Письмо было отправлено через пять дней.

Что только ни мешало Лессингу в это лето испросить себе отпуск и уехать в Гамбург! Сперва пришлось выполнить поручение двора и провести по вольфенбюттельской библиотеке герцогиню Анну Амалию Веймарскую. Вопросы, которые она задавала, впрочем, приятно отличались от тех, на которые ему обычно приходилось отвечать в подобных обстоятельствах.

Затем он был вынужден дожидаться начала лета 1771 года, чтобы лично получить свое вознаграждение, ибо он хотел тотчас послать пятьдесят талеров в Каменц матери, не знавшей, как противостоять грубости кредиторов.

После этого старый герцог Карл удостоил его, наконец, аудиенции.

Сей герцог во всех отношениях был, выражаясь библиотекарским языком, «более ранним изданием» наследного принца и посему несколько больше выцвел и несколько хуже сохранился. Самую характерную, подлинную его суть, по-видимому, составляла отвратительная, жабья ухмылка, издевка, которую он пускал в ход при каждом удобном случае и которая наводила ужас на его придворных.

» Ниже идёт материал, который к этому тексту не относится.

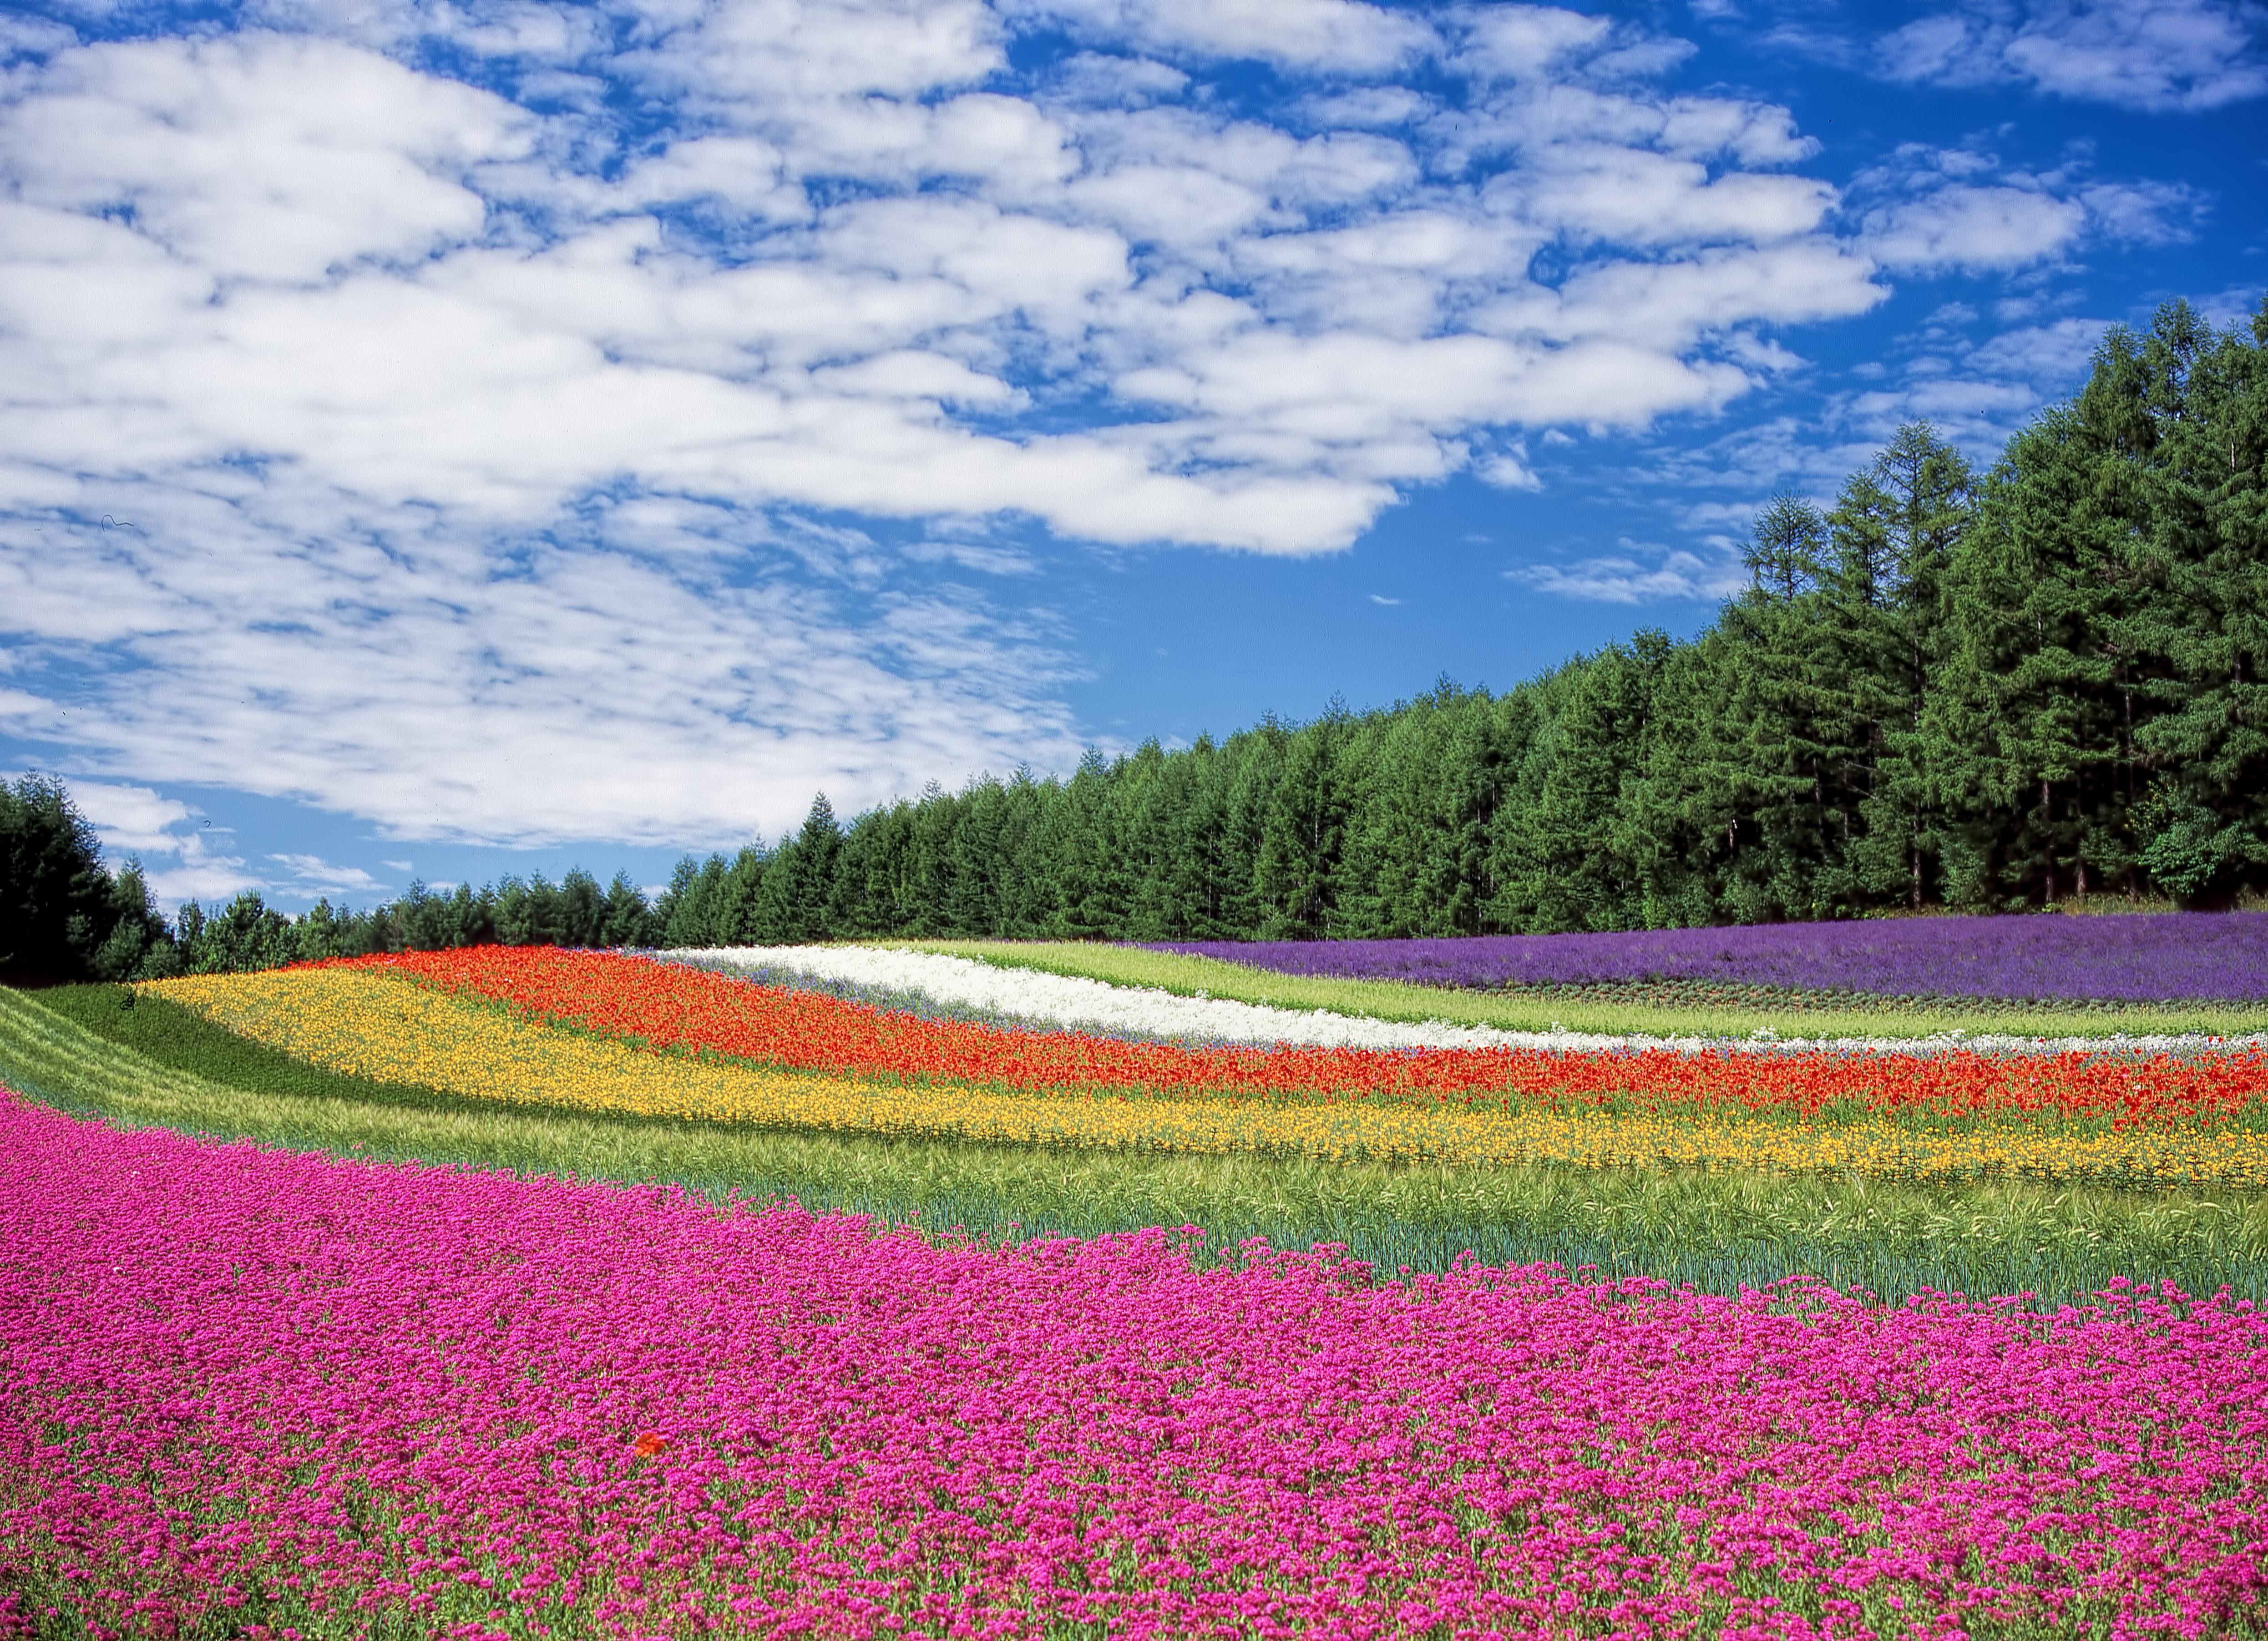 flower-garden-blue-sky-hokkaido-japan-60628.jpeg (4984×3607)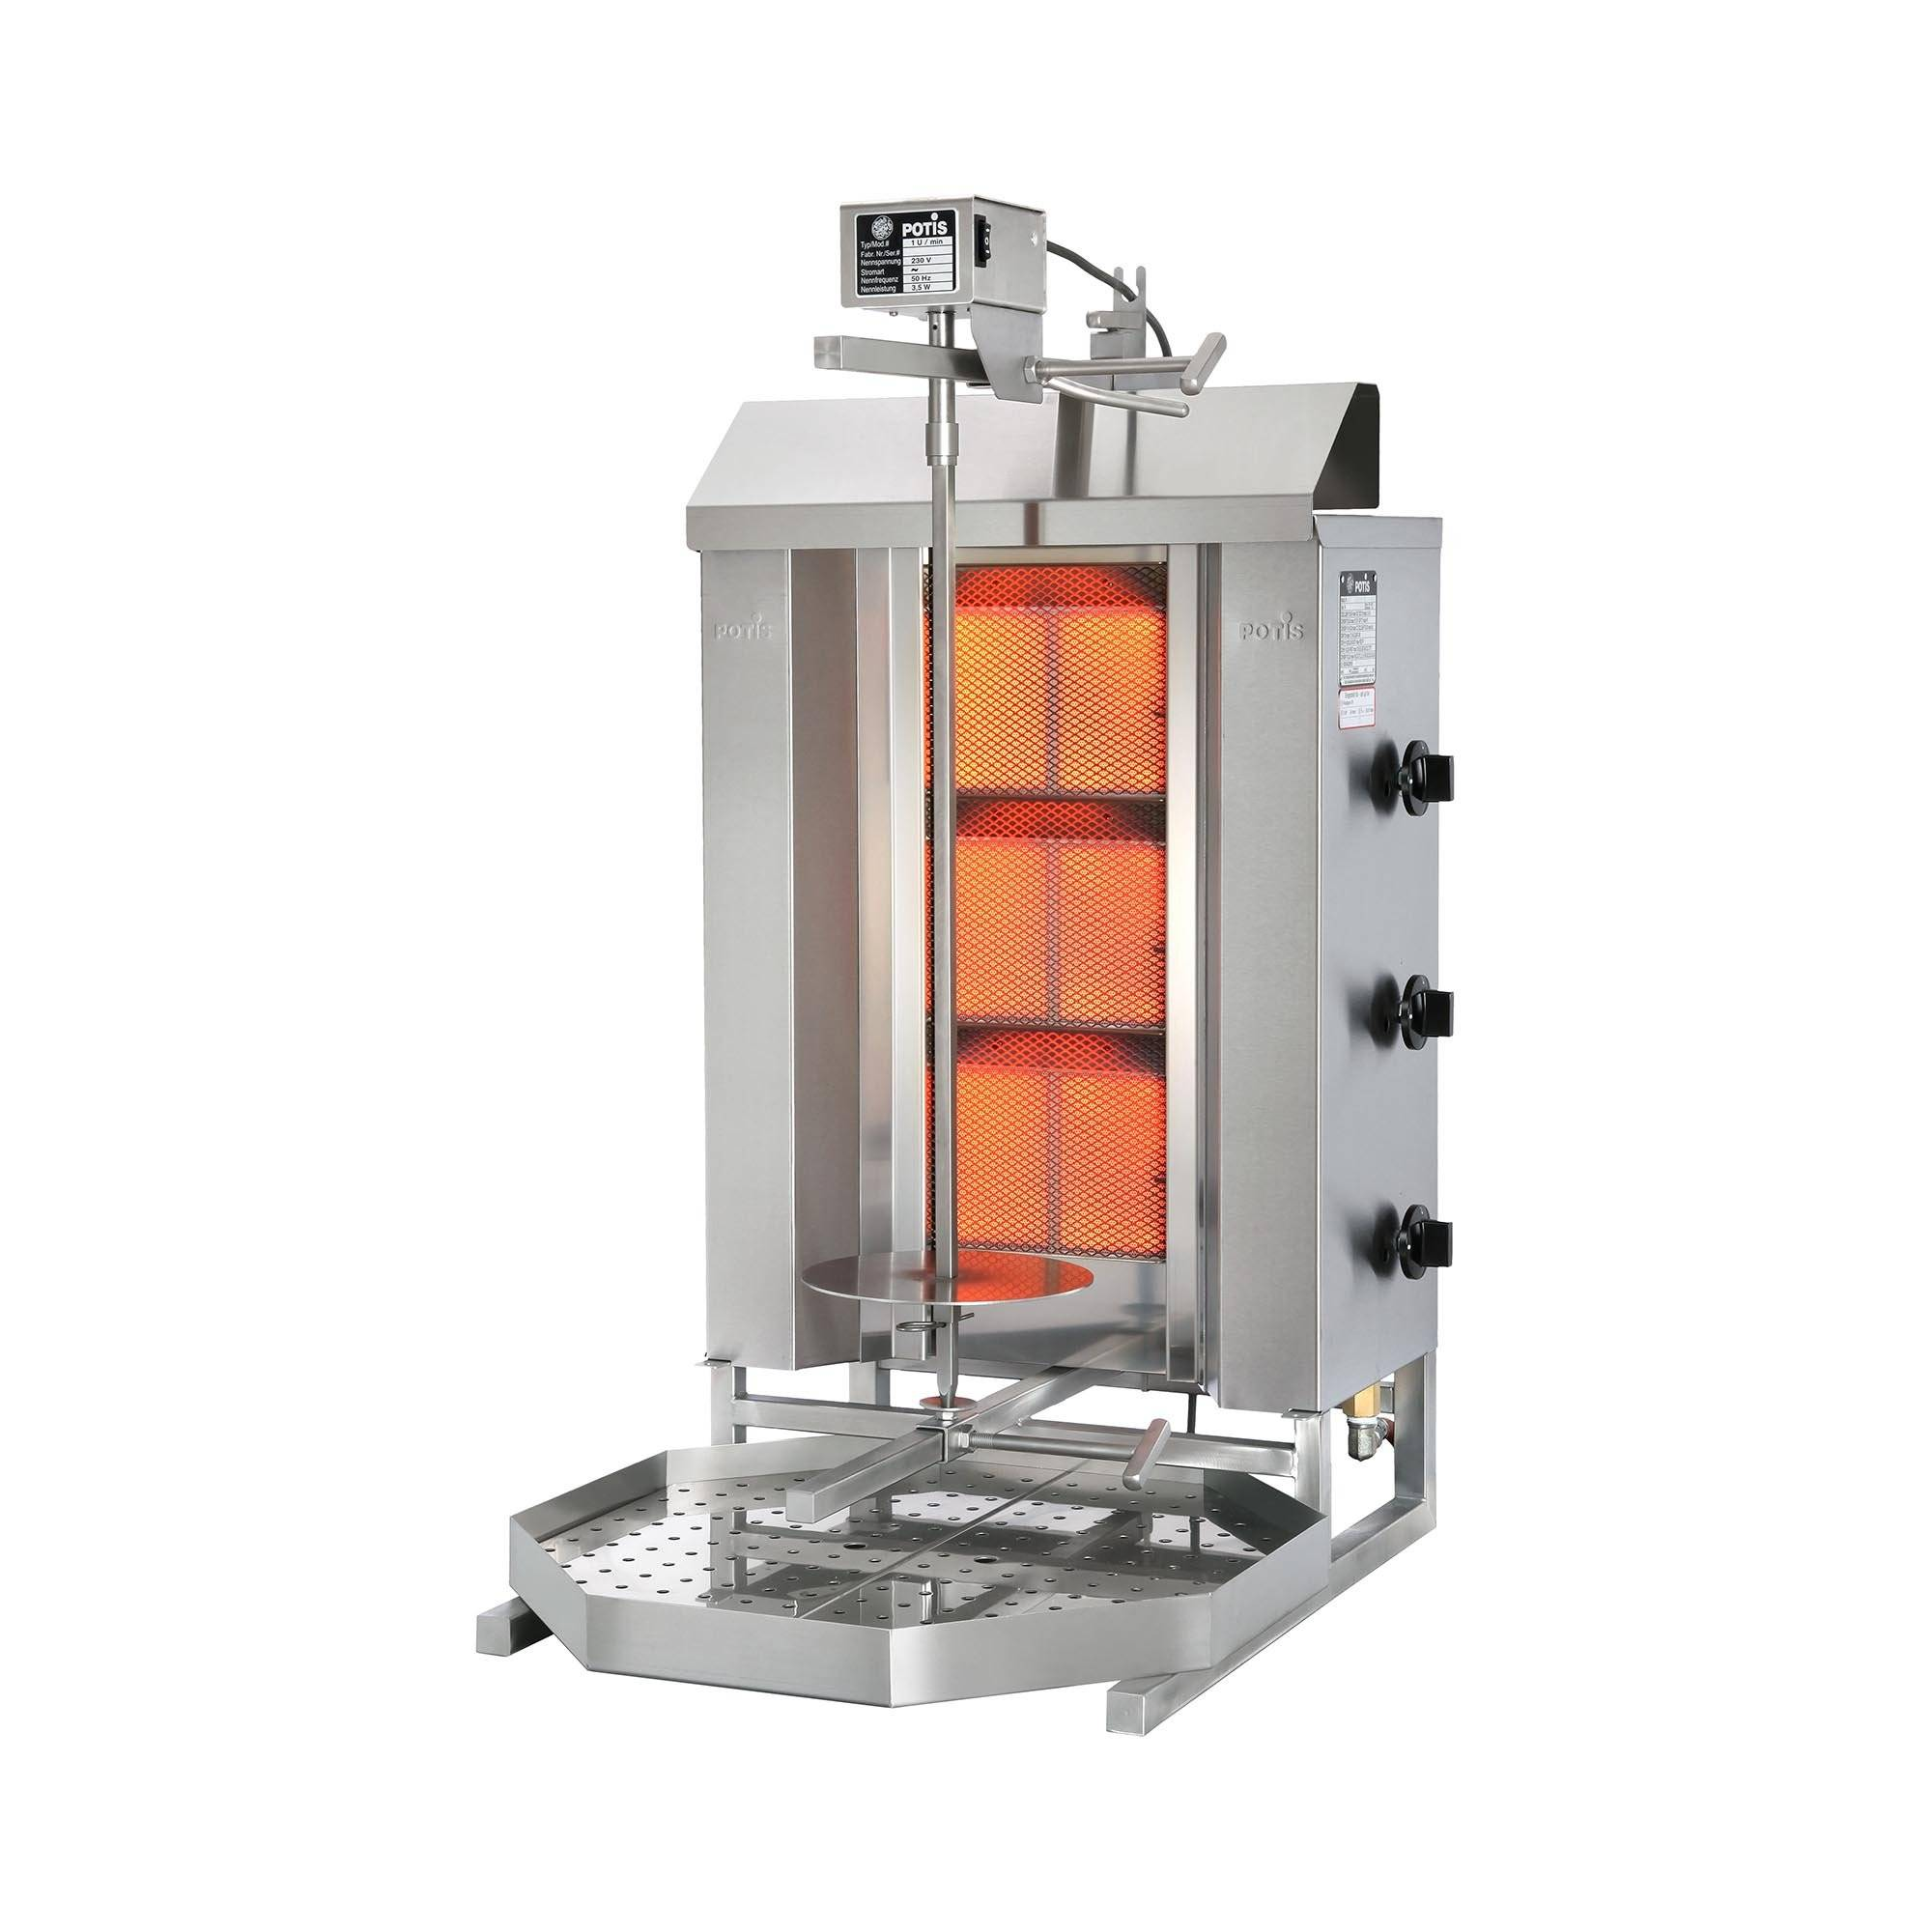 POTIS Dönergrill - 8.400 W - propan/butan GD3-S LPG

И здесь он сразу же попытался повернуть дело так, словно речь шла о разных женщинах – Лессинговой «Еве» и Лессинговой «Кёниг»: – «Глядите-ка, он высоко метит: королева!»[9]9
  Игра слов: Кениг (König) – король (нем.).


[Закрыть]
– стал ему выговаривать за то, что он, совершенно очевидно, собирается в Гамбург ради того, чтобы повидать двух девок, назвал его бабником и пристыдил за подобные слабости. – Этого ему только не хватало! Во время аудиенции Лессинг явственно ощутил, какое действие оказал на других его разговор с герцогиней Веймарской: ибо с благосклоннейшей снисходительностью Карл Брауншвейгский сообщил ему, что Ее Королевское Высочество, его супруга – герцогиня королевской крови приходилась сестрой прусскому королю – очень удивлена, почему это Лессинг до сих пор не нашел времени, чтобы написать новую трагедию и для здешнего – точно подмечено: здешнего! – придворного театра.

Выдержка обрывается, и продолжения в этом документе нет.